Dozens of countries question China at UN over Xinjiang ‘abuses’ | Uighur News


In a joint statement, 47 countries have voiced concern at reported abuses in China’s Xinjiang Uighur Autonomous Region.

Dozens of countries have voiced concern about alleged abuses in China’s Xinjiang region, and demanded that the United Nations rights chief publish a long-delayed report on the rights situation there.

“We continue to be gravely concerned about the human rights situation in Xinjiang Uighur Autonomous Region,” Paul Bekkers, the Dutch ambassador to the UN in Geneva, told the UN Human Rights Council on Tuesday.

Delivering a joint statement on behalf of 47 countries, Bekkers pointed to a number of “credible reports” – vehemently rejected by China – indicating that more than one million Uighurs and other Muslim minorities have been arbitrarily detained in the region.

“There are reports of ongoing widespread surveillance, discrimination against Uighurs and other persons belonging to minorities,” he said.

The joint statement also voiced concern about “reports of torture and other cruelty, inhuman or degrading treatment or punishment, forced sterilization, sexual and gender-based violence, forced labor, and forced separation of children from their parents by authorities”.

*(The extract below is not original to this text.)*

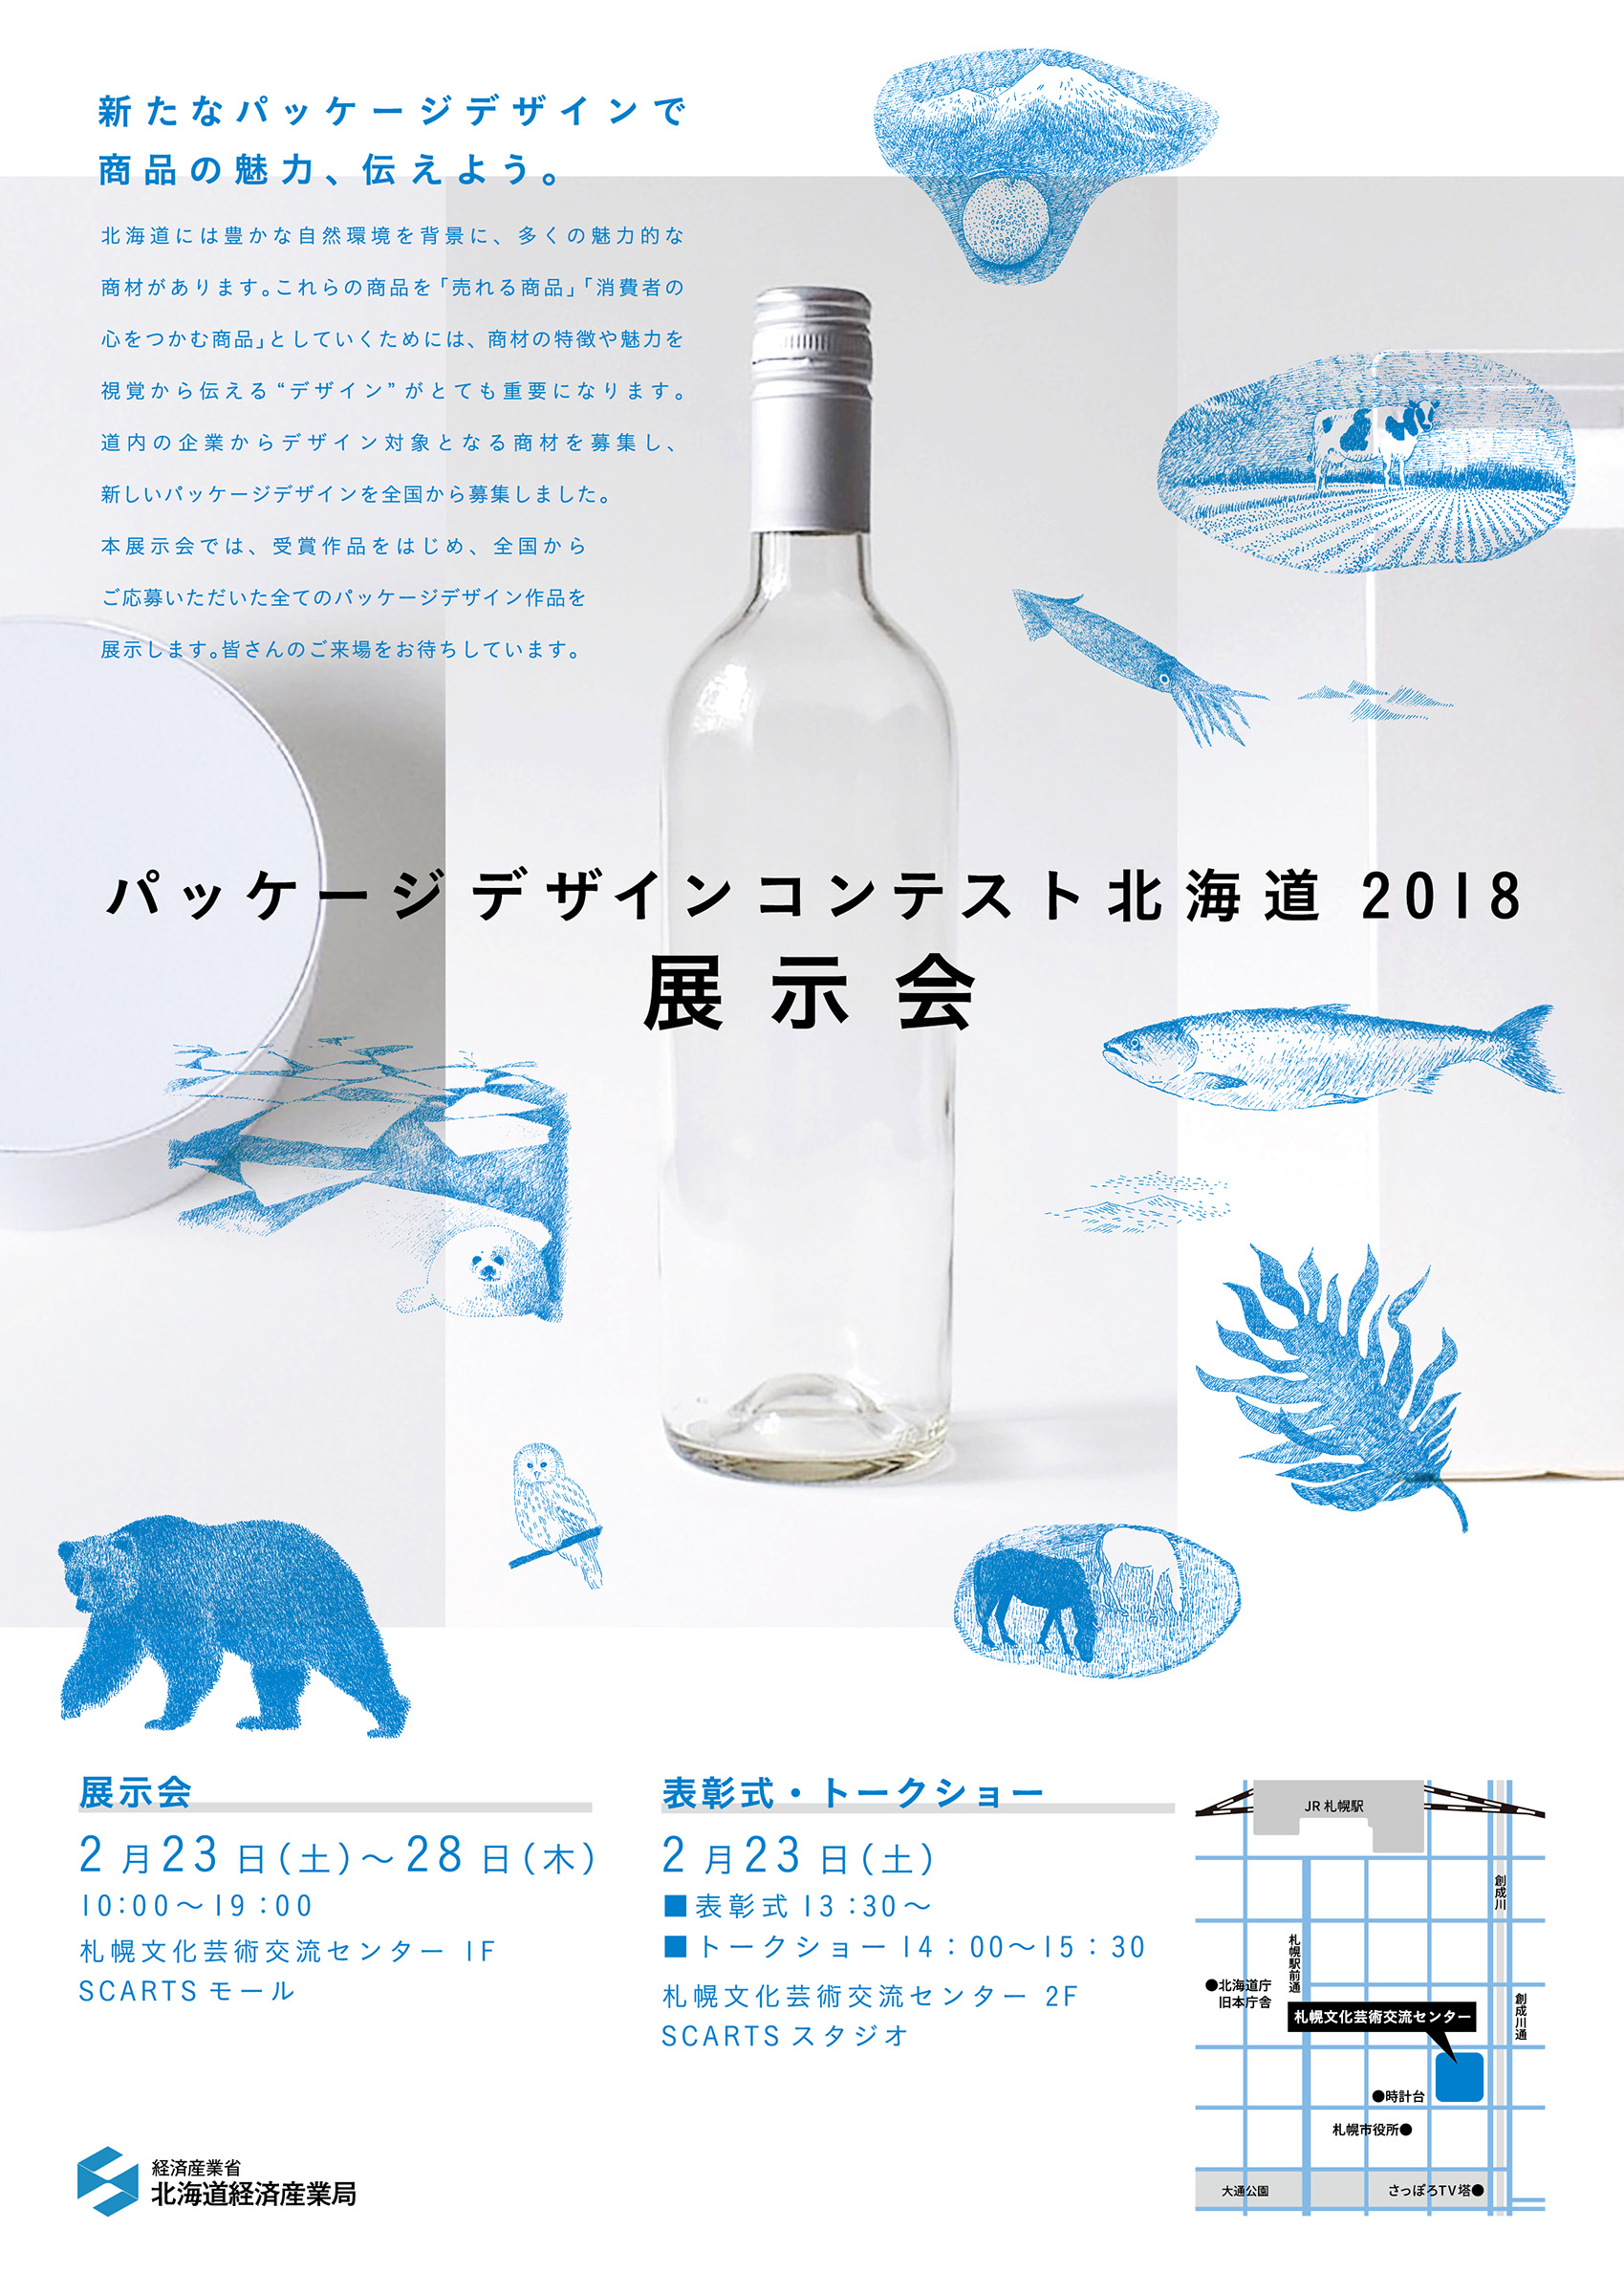 パッケージデザインコンテスト北海道2018展示会イメージ1枚目

The concerned countries, Bekkers said, “repeat our call on China to urgently address these concerns”, and to “end the arbitrary detention of Muslim Uighurs and persons belonging to other minorities”.

The group also called on Beijing to provide UN investigators and experts “meaningful and unfettered access” to independently observe the situation on the ground in Xinjiang.

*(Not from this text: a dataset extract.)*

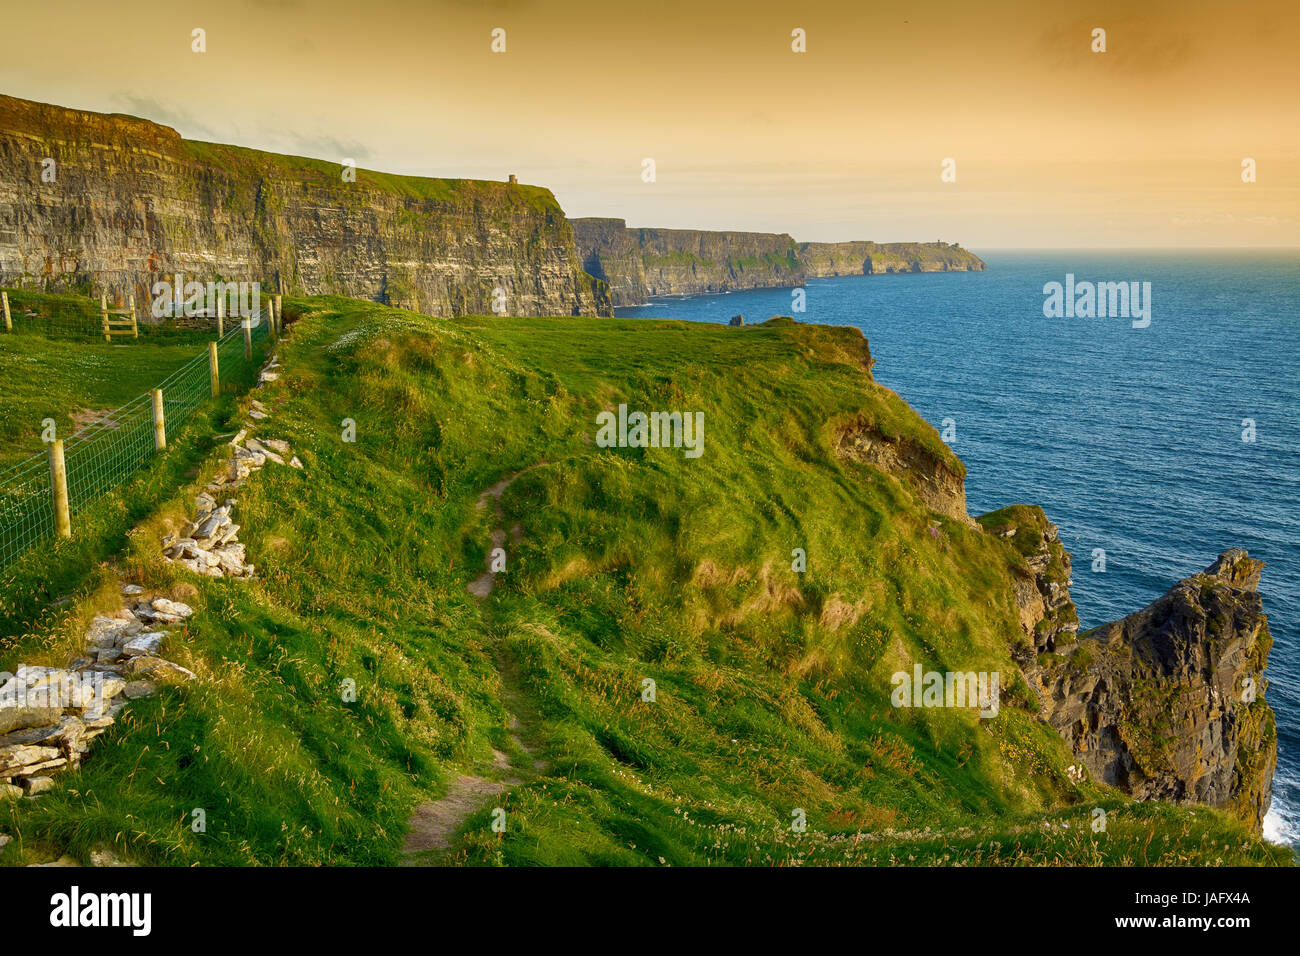 Vues épique des falaises de Moher dans le comté de Clare en Irlande. L'Irlande est l'attraction touristique numéro 1. belle campagne irlandaise pittoresque le long du paysage Banque D'Images

UN High Commissioner for Human Rights Michelle Bachelet was granted access to visit last month – marking the first visit by a UN rights chief to China in 17 years.

But she faced harsh criticism for not speaking up more forcefully against China’s alleged abuses prior to and during the trip, which is believed to have been heavily controlled by Chinese authorities.

In Tuesday’s joint statement, the countries asked for “more detailed observations, including on restrictions the Chinese authorities imposed on the visit” by Bachelet.

‘Political manipulation’

China’s Ambassador Chen Xu reacted angrily to the joint statement, slamming the Netherlands and other signatories for spreading “lies and rumors to attack China”.

“We categorically reject these allegations,” he said, slamming the countries behind the statement for their “hypocrisy” and “attempts to engage in political manipulation”.

He hailed Bachelet’s visit, insisting it had “enhanced her understanding of China’s path of human rights development”.

The UN rights chief has faced growing pressure to release a long-delayed report on the rights situation in Xinjiang, which diplomats say has been ready for months but not published.

Bachelet, who announced on Monday that she will not be seeking a second term, vowed that the report would be published before she steps down on August 31.

Tuesday’s joint statement urged the report’s “prompt release”, and asked Bachelet to provide “further information on the timeline”.

Chen, meanwhile, decried the “hyped-up so-called report on Xinjiang”, pointing out that it had not been ordered by the UN’s rights council, alleging it violated Bachelet’s mandate and “should not be published at all”.

While a long line of countries that took the floor individually on Tuesday echoed the sentiments in the joint statement, a number also came to China’s defense, with Belarus, Cuba and North Korea also insisting the report should not be published.

Venezuela’s Ambassador Hector Constant Rosales said the same, slamming “a sustained campaign of fake news against Xinjiang and China”.